§ PROVIDED DATA
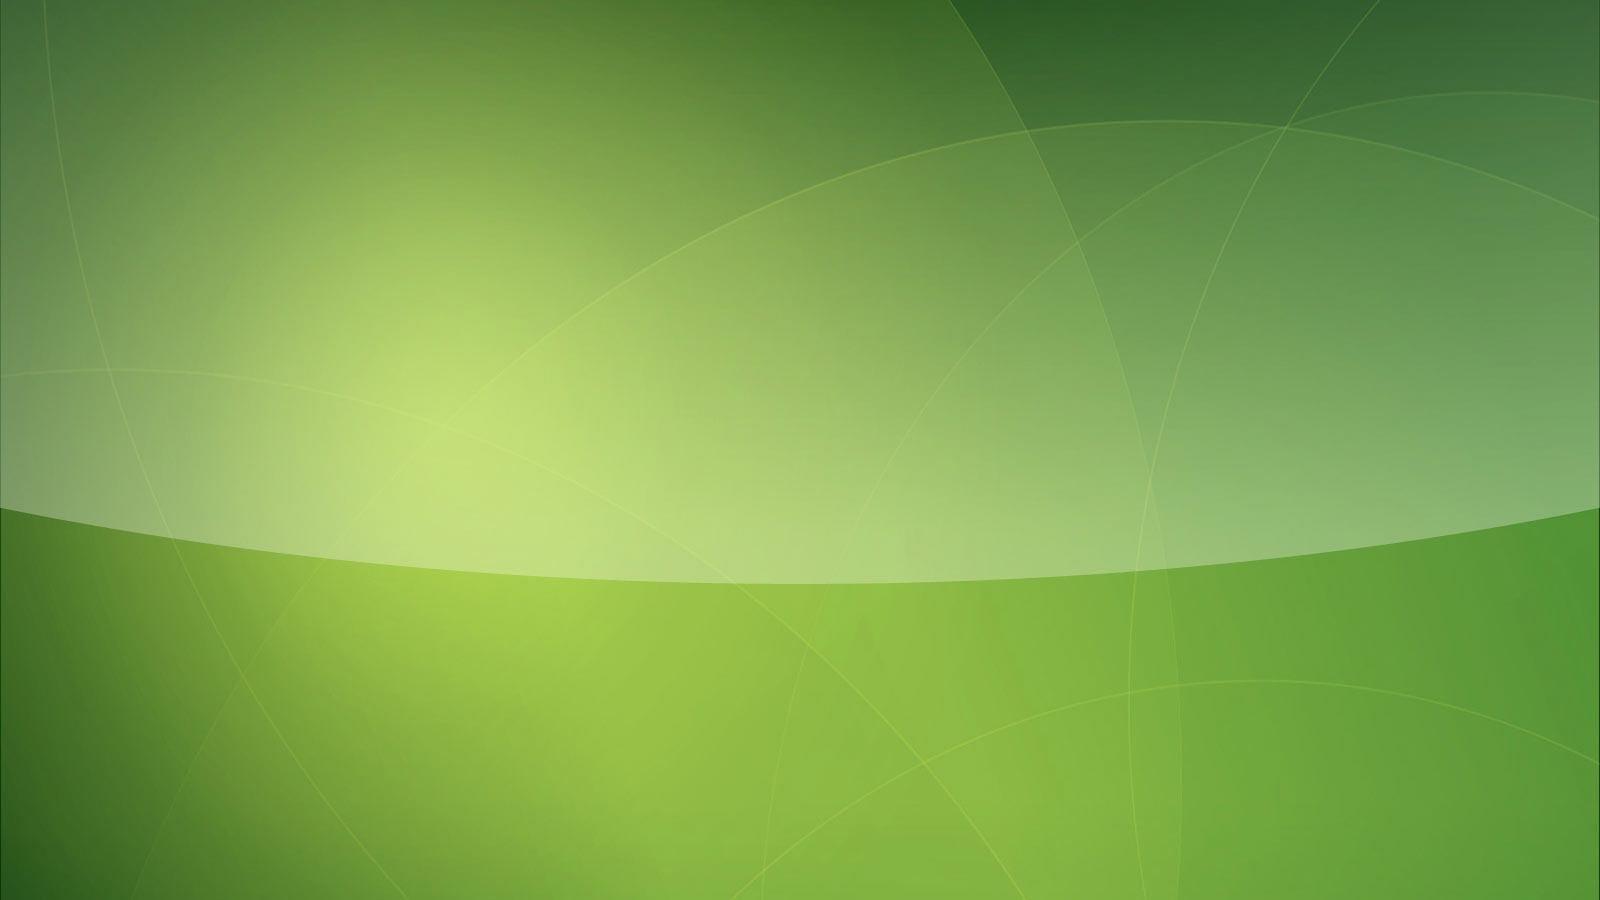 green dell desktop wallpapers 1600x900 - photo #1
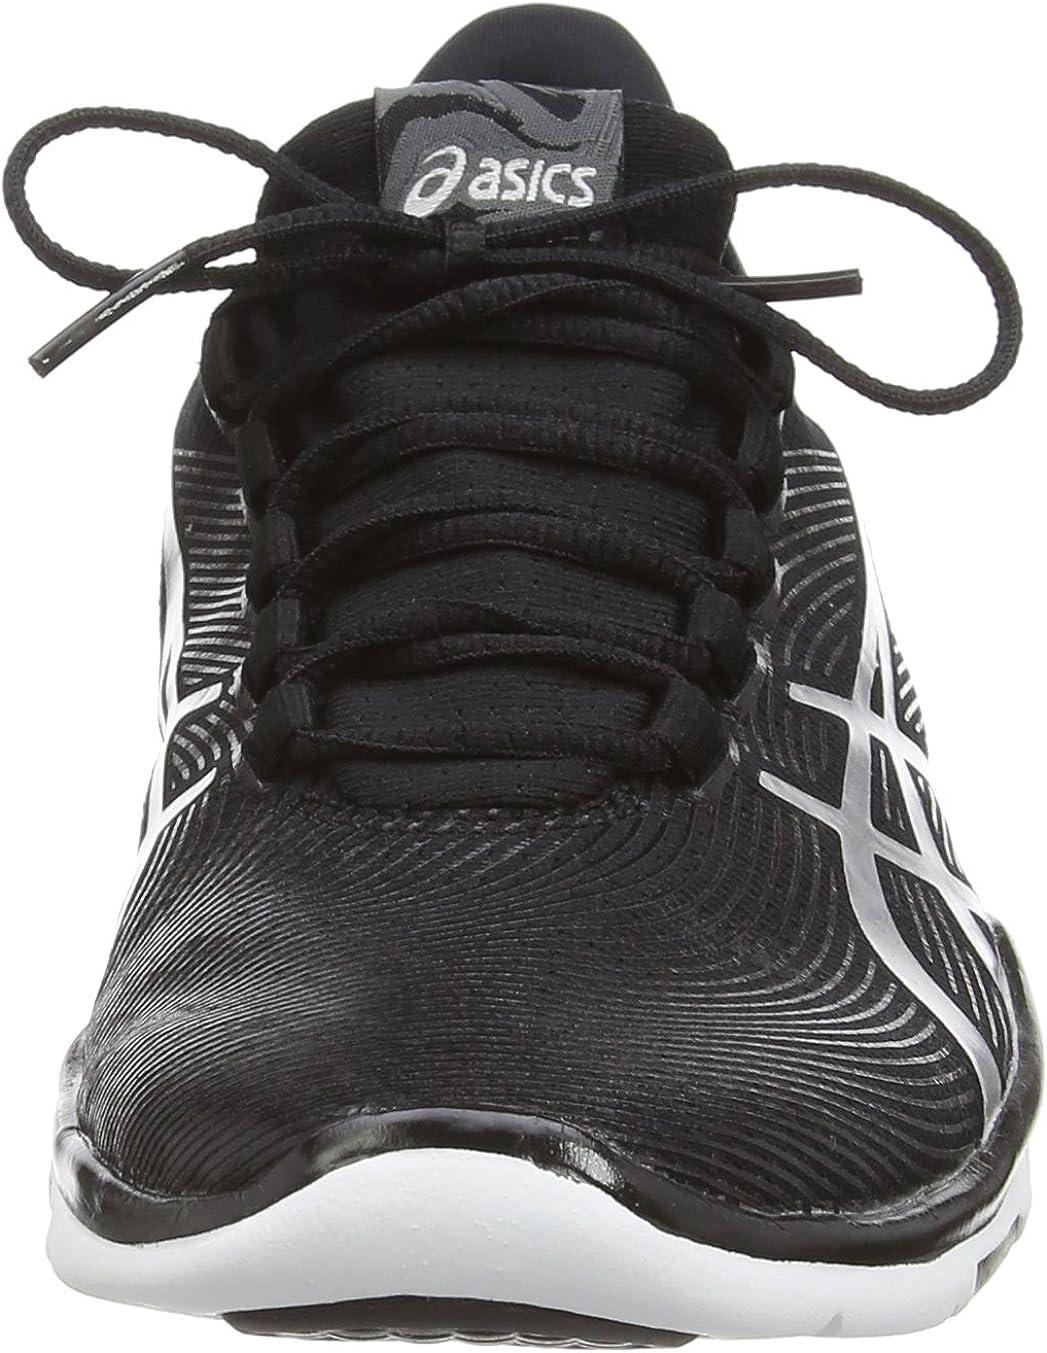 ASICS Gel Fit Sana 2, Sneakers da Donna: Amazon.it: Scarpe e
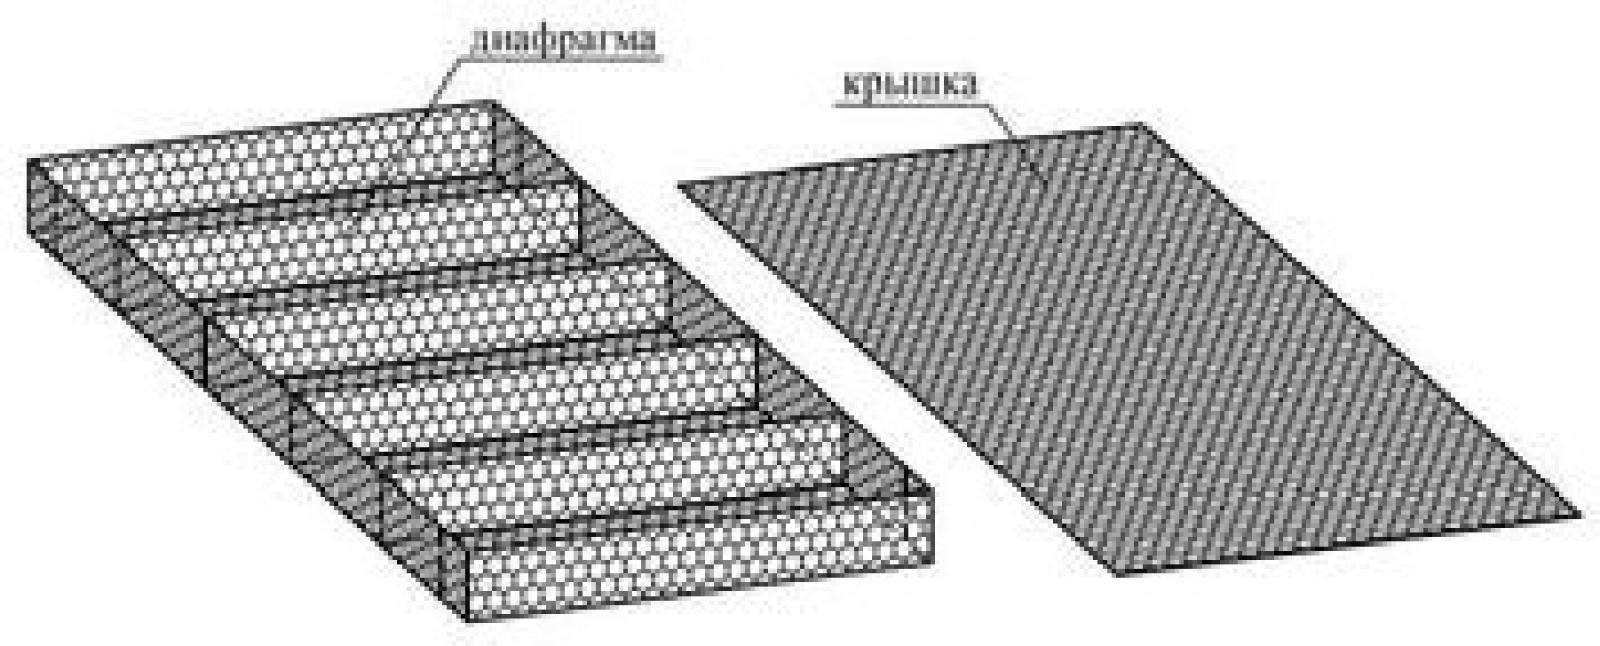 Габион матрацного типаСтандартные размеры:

§ ACTIVITY
Leave out the pictures and set down all of the data exactly.

§ ANSWER AREA
 green dell desktop wallpapers 1600x900 - photo #1
 ASICS Gel Fit Sana 2, Sneakers da Donna: Amazon.it: Scarpe e
 Габион матрацного типаСтандартные размеры:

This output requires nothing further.